Trace Flag 4199: Complex Risk Assessment: Part II

**End update**

Recently a question came up on Twitter #sqlhelp about kb2904010, a recent fix for sample size in sample stats updates (kb article is linked below).  The original question was about determining the applicability of that fix to a given system.  For a given query, evaluating the appropriateness isn't too bad... but for a change like that you really should evaluate across the system.  And it seemed to me that the following procedure would be appropriate:
1. update all stats on the system with their typical sampling rate
2. save the stats info
3. apply and activate the fix
4. update all stats again with their typical sampling rate
5. compare stats with and without the fix

Here's the reason: if you only evaluate a single query, the effects of the fix on other queries are unknown.  In fact, that's true for any defined set of queries.  Even if you evaluate all current queries, what about the query tomorrow that is executed for the first time against existing data/indexes/stats keys?  So, in this case, comparing the effects across all current stats keys with their current sampling rates, while not necessary  gives information for risk assessment that wouldn't be available if the effect on only a subset of queries is evaluated.
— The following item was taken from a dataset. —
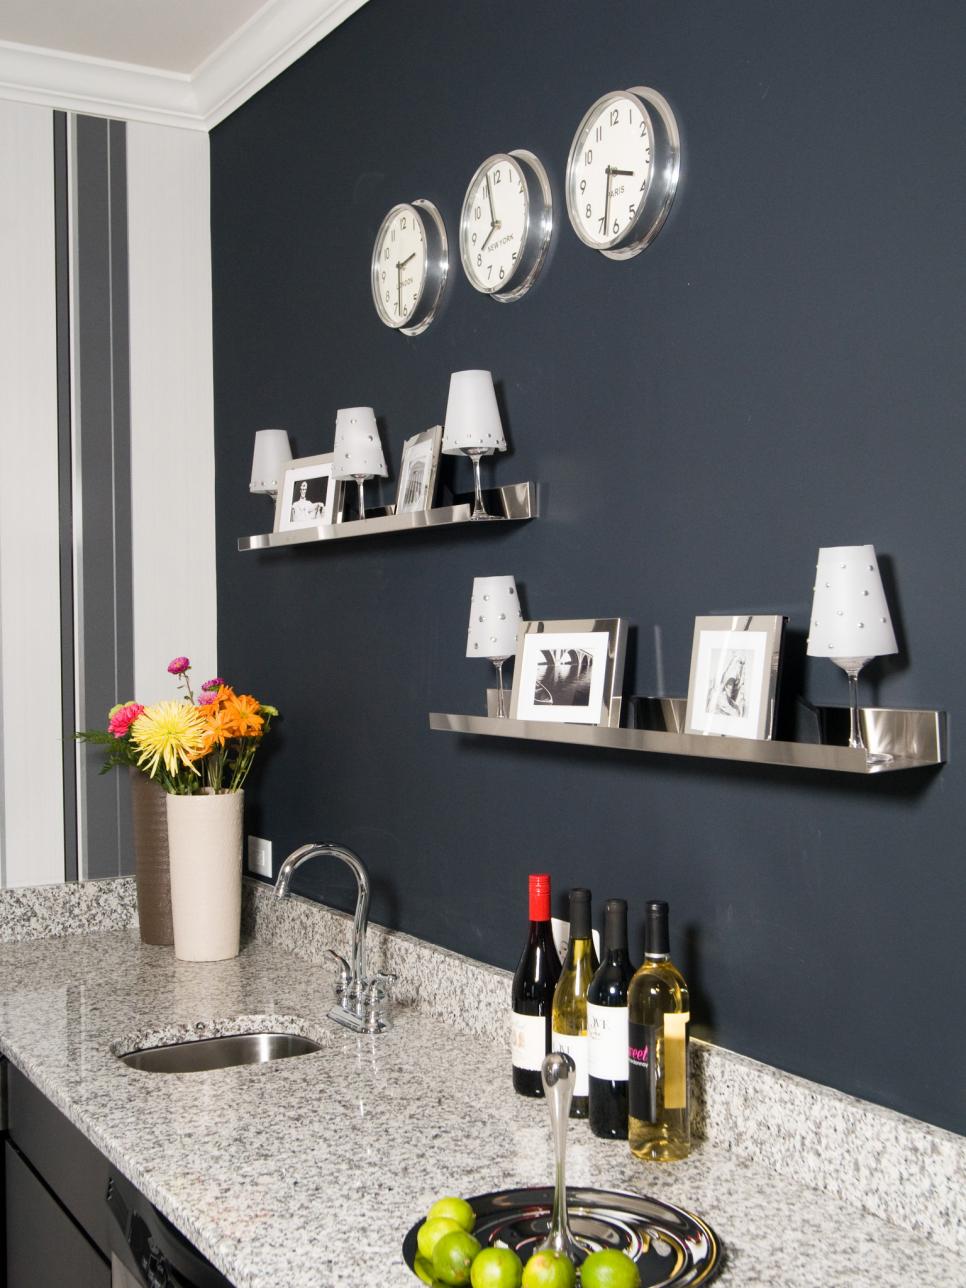 Dark Gray Wall With Stainless Steel Shelves and Wet Bar

I didn't say all of that on Twitter :) I'm long-winded in real life, but I try to behave when limited to 140.

There was a much shorter answer which took that particular exchange where it needed to go: the risk assessment of the fix in 2904010 is vastly increased by the fact that it is activated by trace flag 4199 (and does not have a separate trace flag which enables the fix individually).  You see, if that organization wasn't already using trace flag 4199, a two state test would not really be sufficient for risk assessment.  They'd have to have a 3 state test: baseline, baseline + T4199, baseline + T4199 + kb2904010. 

Why?  Cuz T4199 pulls a lotta stuff along with it, that's why.  In the days of my youth this is the type of roll-up fix that I would set out testing combinatorically - guessing which fixes would matter most to the system and trying to implement them singly.  Results with single fixes could be compared to baseline and with the full rollup.  Single fixes that showed strong positive returns in testing could be combined, with results compared to baseline and full rollup.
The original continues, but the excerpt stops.